Tuesday 5 April 2011

Shedding light on NHS policy

When the Liberal Democrat Spring Conference voted overwhelmingly against Tory-led plans for NHS reform, it seemed to many that this would introduce friction into the workings of the coalition. Now, however, David Cameron has been forced to rein back the ambitious plans following criticism from all sides. When Norman Tebbit and Shirley Williams are both strongly critical of the same policy, and for the same reasons, you know that there's something wrong with it.

Both coalition parties agree on the need for NHS reform, but the Liberal Democrats approach is that patients come first. This means having elected health boards. The Conservative plans involve giving control of 80 percent of the NHS budget to GP consortiums. Now, GPs certainly ought to have a say in how the NHS operates, because they see it at close hand and can be expected to have a good idea of what patients want and need. However, taking doctors who are skilled in the treatment of patients and making them into administrators is perhaps not the best use of resources.

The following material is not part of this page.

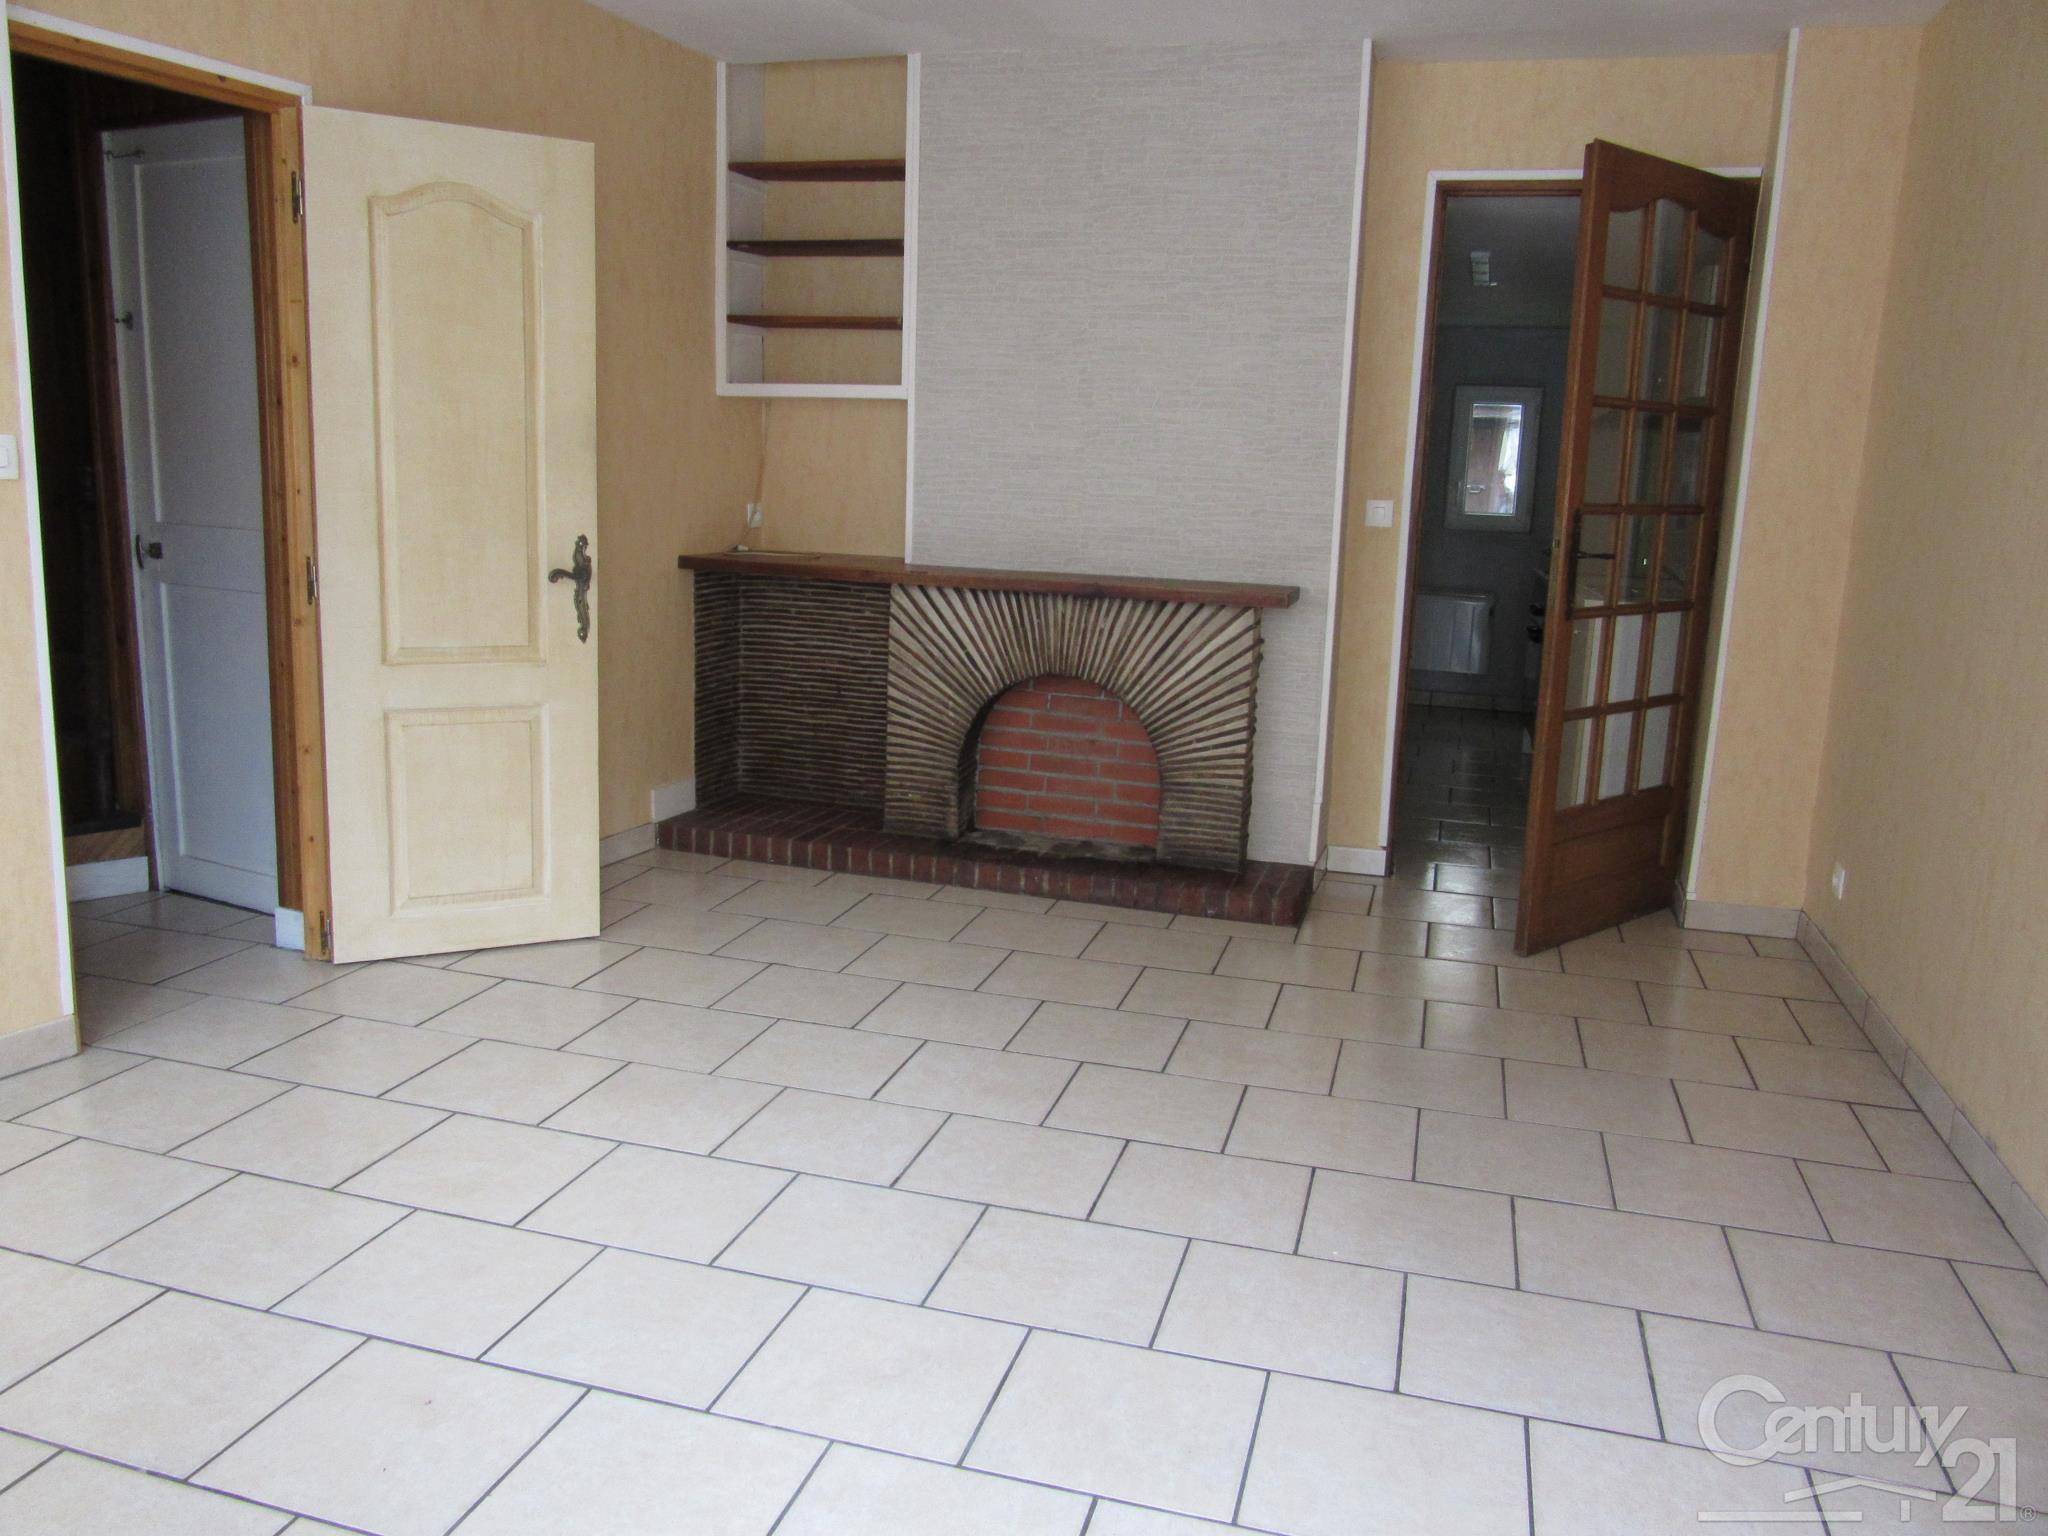 Maison à louer - 3 pièces - 59 m2 - ORBEC - 14 - BASSE-NORMANDIE

The other thing is that Liberal Democrats say it is alright for the government to pay for private treatment if for any reason the NHS is unable to provide it on time. We should obviously work to close the gap, so that the same situation doesn't arise again later on, but when lives and health are at stake that's no time to go all ideological. The Conservative-led proposals though would have patients referred for private treatment even if the NHS was fully capable of providing it. It would have had NHS and private contractors competing on a supposedly equal footing - except the NHS doesn't have a vast marketing department dedicated to persuading GPs to use its services.

So, how did we get to this point? These plans weren't in the coalition agreement hammered out after the last general election. They weren't in any manifesto. They probably surprised David Cameron as much as anybody - he is on record as having said repeatedly that the NHS would be safe in his hands, and that there would be "no more pointless and disruptive reorganisations".

The whole thing seems to be the brainchild of Health Secretary Andrew Lansley. And while it seems likely that similar plans would have sped through unopposed in a purely Conservative government, the Liberal Democrats have shed just enough light on them to ensure that even the Conservatives can see the problem with them. That has to be a good thing.